Speaker
Description
We seek a nonequillibrium, heterogenous, large-scale model for strongly coupled plasmas. We generate a generalized hydrodynamic model for strongly coupled plasmas using density functional theory closures of BBGKY hierarchies via hypernetted chain theory. We formulate these equations in the form of a balance law, thereby providing a ''memory'' effect, facilitating correlation. This isothermal ``single fluid'' form of the electrostatic limit is modelled in a fluid context with an exact form of the functional term that is a non-local integral term rising out of hypernetted chain theory. These models, dubbed the Visco-Elastic Density functional (VEDF) equations, provide the first continuum models that match the dispersion of waves in electrostatic ultra-cold correlated plasmas.
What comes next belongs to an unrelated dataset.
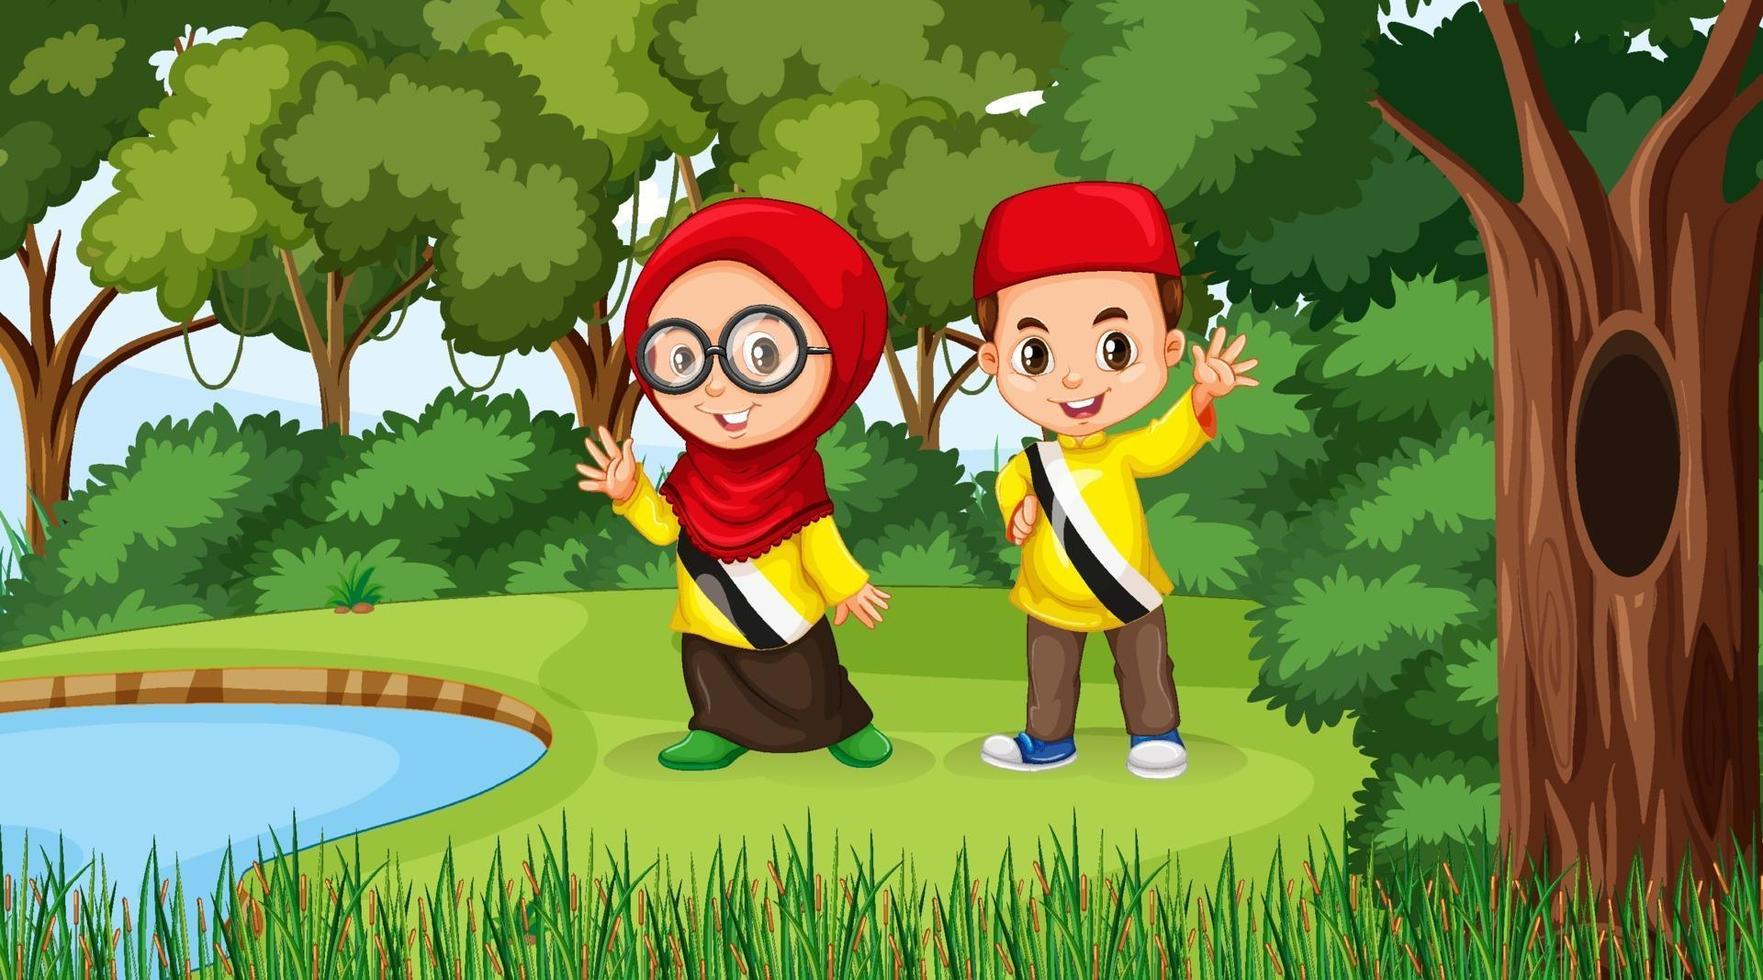 Brunei Kids trägt traditionelle Kleidung in der Waldszene vektor

The resulting equations admit no quasilinear homogenous form and thus we recast the equations as a balance law system treated regionally-implicitly with DG-FEM. We use the DG cell sizes to represent a spatial scale over which model parameters are constant. The generalized pressure and dissipative stress are handled explicitly via a multi-cell reconstruction, as we assume the relevant length scales are different than the length scales of the cells. Here we present work towards a 3D VEDF Solver software package, highlighting our approach to computing the correlation contribution to the generalized pressure.